Maritime Security Challenges Discussed During Conference in Victoria, BC

Image: Maritime Security Challenges conference.

The biennial Maritime Security Challenges conference (MSC22) was held in Victoria, BC Canada from Nov. 14-16 under the theme of “Pacific Seapower: Strategic Competition in the Indo-Pacific.”

This year’s conference, which covered the subject of maritime security through a blend of academic theory and real-world current events, was hosted by The Navy League of Canada and The Royal Canadian Navy, with the Daniel K. Inouye Asia-Pacific Center for Security Studies as a partner.

The Honolulu-based Center for Security Studies is a U.S. Department of Defense institute that was launched in 1995. It addresses both regional and global issues with a mix of military and civilian representatives from the U.S. and Asia.

The conference’s first day began at noon with a familiarization event onboard the Kingston Class Canadian Forces patrol vessel HMCS Edmonton. There were also helicopter drills and small boat competitions.

Several discussion panels were a fixture at the event, as well as individual presentations on conference’s second and final days. The first panel on Nov. 15 was “Challenges to the Strategic Commons,” with the following two panels during the day being on the topics “Great Power Competition and the Spaces Between” and “New Old Theatres: Renewed Strategic Focus on the Pacific Islands.”

The first presentation on Nov. 16 was titled “Geopolitics, Security, and the Shipping Industry,” and featured Dr. Sal Mercogliano, an Associate Professor of History at Campbell University, who’s the host of the YouTube channel “What is Going on with Shipping?”
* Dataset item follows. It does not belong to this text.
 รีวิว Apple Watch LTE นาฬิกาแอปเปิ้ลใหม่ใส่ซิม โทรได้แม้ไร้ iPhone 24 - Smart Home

Panel discussions on the conference’s final day were on the topics “Innovation to Meet Maritime Challenges” and “Building the Fleets of Tomorrow.” Those were followed by a presentation by Royal Canadian Navy Lt. Cmdr. Ryan Bell on the topic “The Arctic and Offshore Patrol Ship: New Platform, New Operations.”
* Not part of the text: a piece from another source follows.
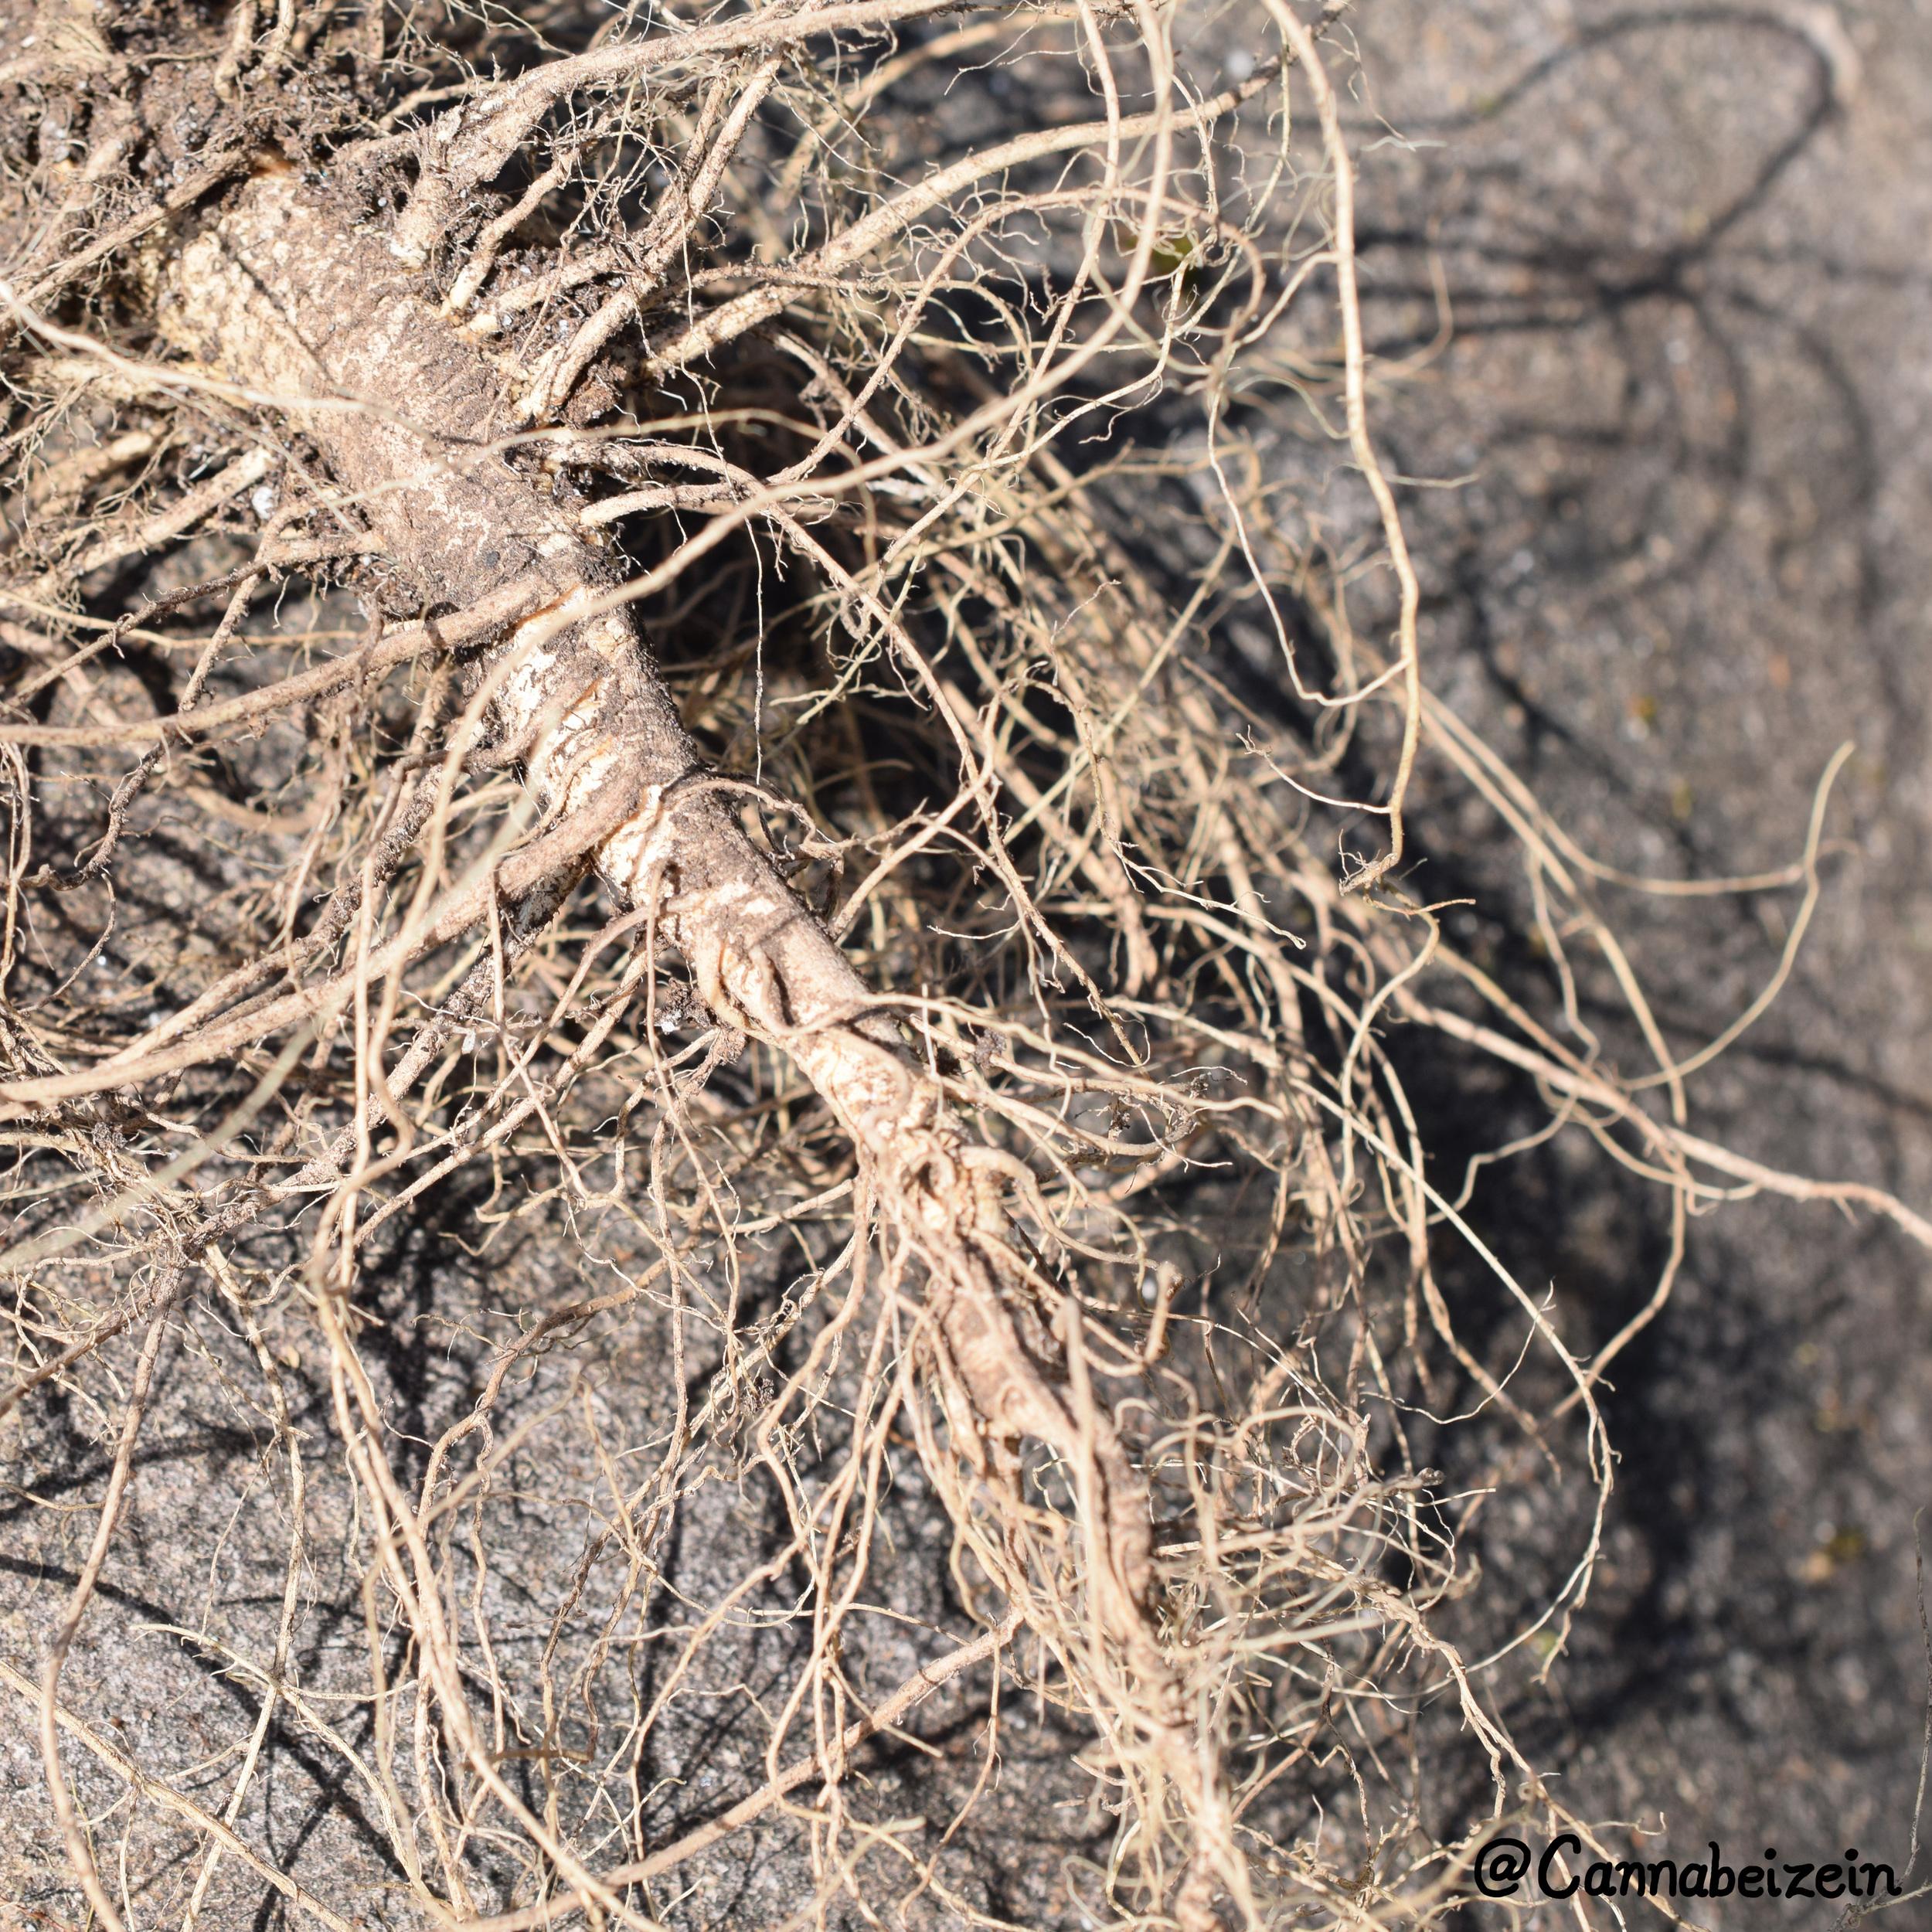 Cannabeizein 0179 - Chuy Roots - DSC_0106.jpg

The conference’s final discussion panel of the conference was “5 Eyes Perspectives on the Indo-Pacific.” The Five Eyes (FVEY) is an alliance of intelligence resources from the United States, Canada, Australia, New Zealand and the United Kingdom. Representatives from all five countries participated in the panel.

Three of the FVEY countries held joint exercises this year in the South China Sea and Indo-Pacific, along with Japan.
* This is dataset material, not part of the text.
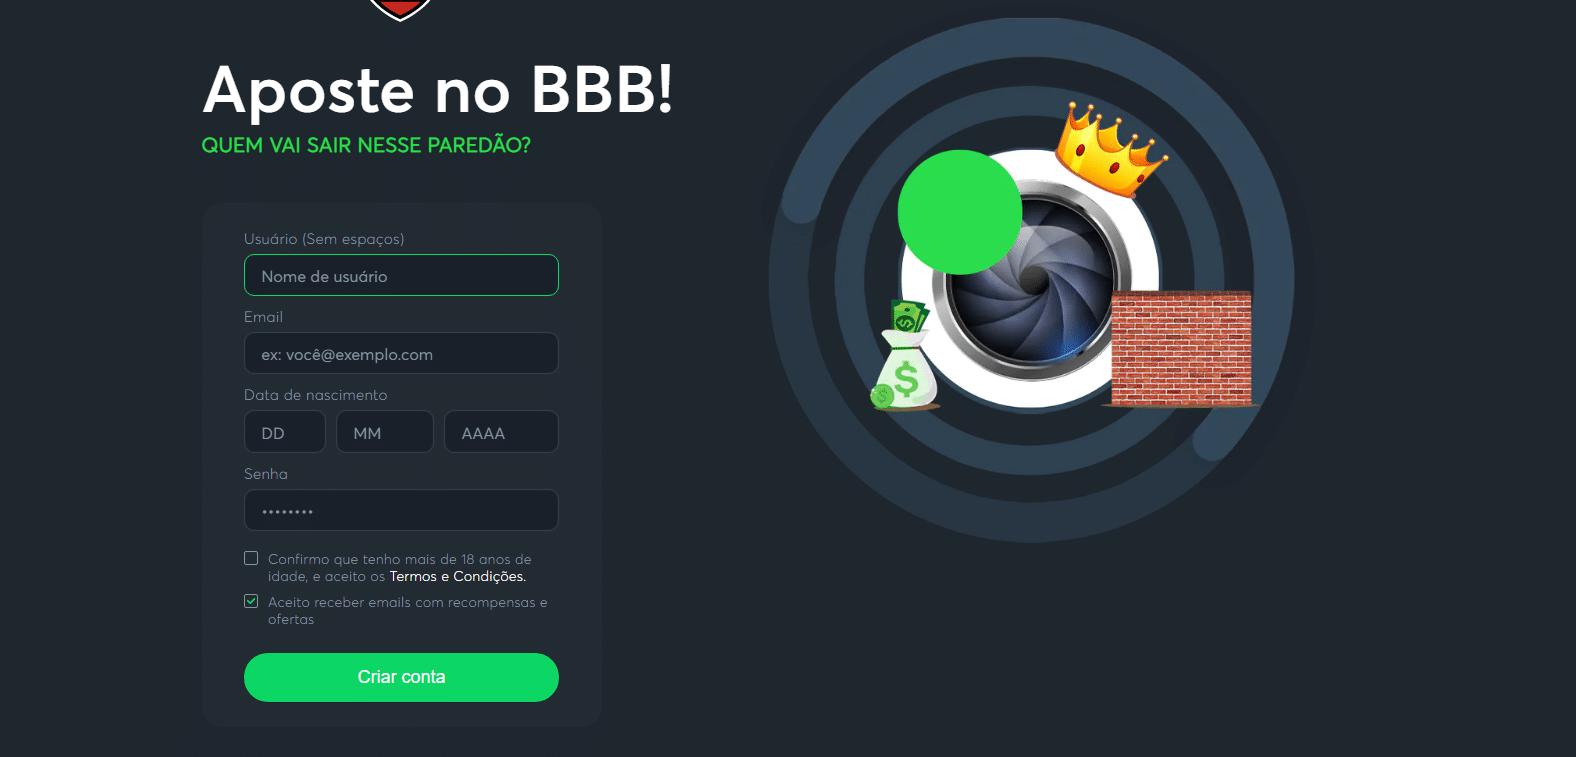 Enquete BBB - Captura de tela 1

As a biennial conference, the previous Maritime Security Challenges was scheduled to be held in 2020. However, due to the COVID-19 pandemic, it was held as a virtual event. Some of the presentations are available on the Maritime Security Challenges YouTube channel, as well as a couple of virtual webinars held late last year and this year.

The December 2021 event was hosted by Dr. Brian Chao, an assistant professor with the National Security Affairs College of the Naval War College in the U.S., who discussed China’s quest to compete in the naval arena with other great powers.

He gave some examples of other countries that have succeeded in having a strong army and navy, and others that weren’t as successful. He discussed how this was brought about with a country having both investment persistence and threat diffusion.

The most recent webinar was held in August and was hosted by Dr. Michael Petersen, an Associate Professor and Director of the Russian Maritime Studies Institute at the U.S. Naval War College.

He primarily discussed Russia’s war-fighting strategy, and also talked about what he called a “loss of strength gradient,” which is based on different zones in proximity to Russia. There is the “Near Sea” zone, which is coastal and farther out zones are the “Far-Sea” zone, and the “World Ocean” zone.

During the Q&A session, he noted that air defense while at sea is very difficult. There was also some discussion about a warming Arctic and how that might affect their strategy. 

Initiated in 2005, the Maritime Security Challenges (MSC) conference series is the only conference of its kind in Canada. With international representation from military, government, academia and industry, the biennial event provides a unique opportunity to meet and discuss maritime security issues of common concern, and work towards shared solutions.

The MSC conference organizers are participants in the maritime security community and provide an arena that fosters learning, encourages the exchange of ideas, and enables opportunities to connect with colleagues from around the globe.